After Andrew Dunstan pushed the combined patches on 2026-05-01, Alexander Lakhin reported that the buildfarm animal dikkop was still segfaulting in thread/prep and thread/alloc — reproducible by constraining max_connections = 10 and running the ecpg tests. The crash signature is different from the original bug:

  1. In thread/prep, deallocate_one() crashes at this->stmt->connection->connection because this->stmt itself is corrupted (0x242028205345554c — that's ASCII " ( SELEC", i.e., fragments of a query string), indicating a use-after-free or concurrent-mutation issue in the prepared-statement list.
  2. In thread/alloc, pqRowProcessor crashes because conn->result is NULL — libpq-level state corruption.

Tom Lane confirmed reproduction and observed "sorry, too many clients already" in the postmaster log: when multiple threads attempt connections in parallel and some fail, the test programs don't tolerate the failure — they proceed to use prepared statements / execute queries on partially-initialized or concurrently-torn-down state.

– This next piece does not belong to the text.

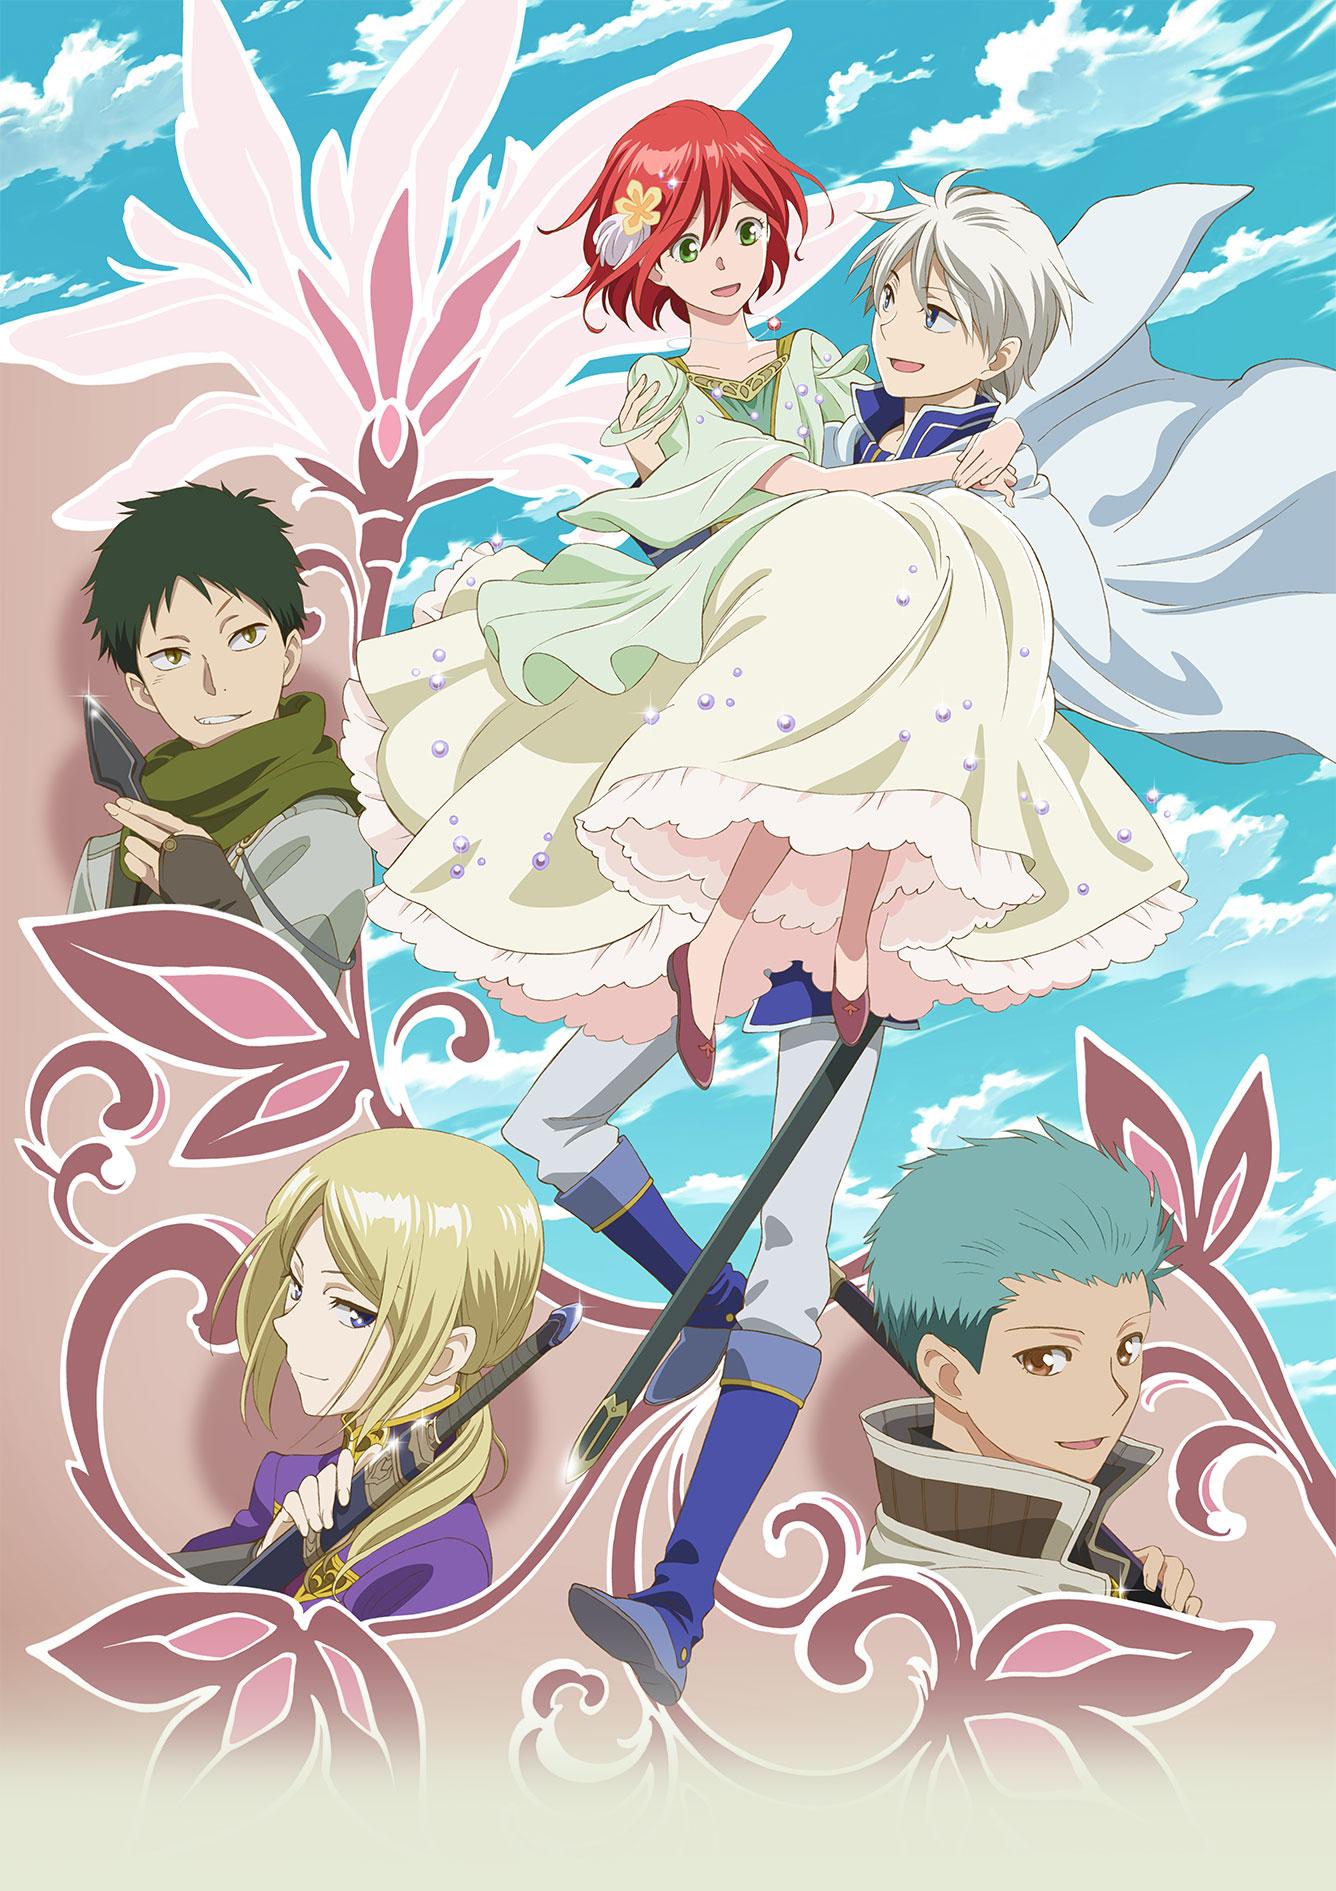 待望のTVアニメスタート!赤髪の白雪姫のキレイで高画質な画像

Tom explicitly noted this is not new in v19; v18 behaves the same.

So the original NULL-connection fix is correct and complete for its stated scope, but it exposed a deeper, pre-existing concurrency bug in ecpg's thread-aware test programs (and possibly in libecpg's thread-local connection bookkeeping). This is a classic outcome of defensive hardening: fixing the easy NULL-deref shifts the failure mode to the more serious race. Andrew committed to digging further.

Architectural Observations

  1. libecpg uses two parallel idioms for connection validation (ecpg_init() vs. inline ecpg_get_connection() + ecpg_raise()). Neither is wrong, but the inconsistency is precisely what allowed these sites to be overlooked for a decade-plus. A static-analysis audit or a wrapper macro enforcing the check would prevent recurrence.

  2. The statement cache holds its own connection pointer, independent of the caller's current connection. Any cleanup path through the cache must treat that pointer as potentially stale. This is the same pattern that causes bugs in libpq's async result management.

  3. Resource-acquisition ordering matters in error paths. The ECPGget_desc() locale-save issue shows that fixes to "return earlier" can silently leak if validation is inserted after acquisition. Moving the check up is structurally safer than adding cleanup.

  4. The dikkop failures suggest libecpg's thread-safe connection handling has a use-after-free when connections fail under contention. The corrupted this->stmt pointer indicates either an unlocked list mutation or premature free of a struct statement while another thread holds a pointer into the prepared-statements list.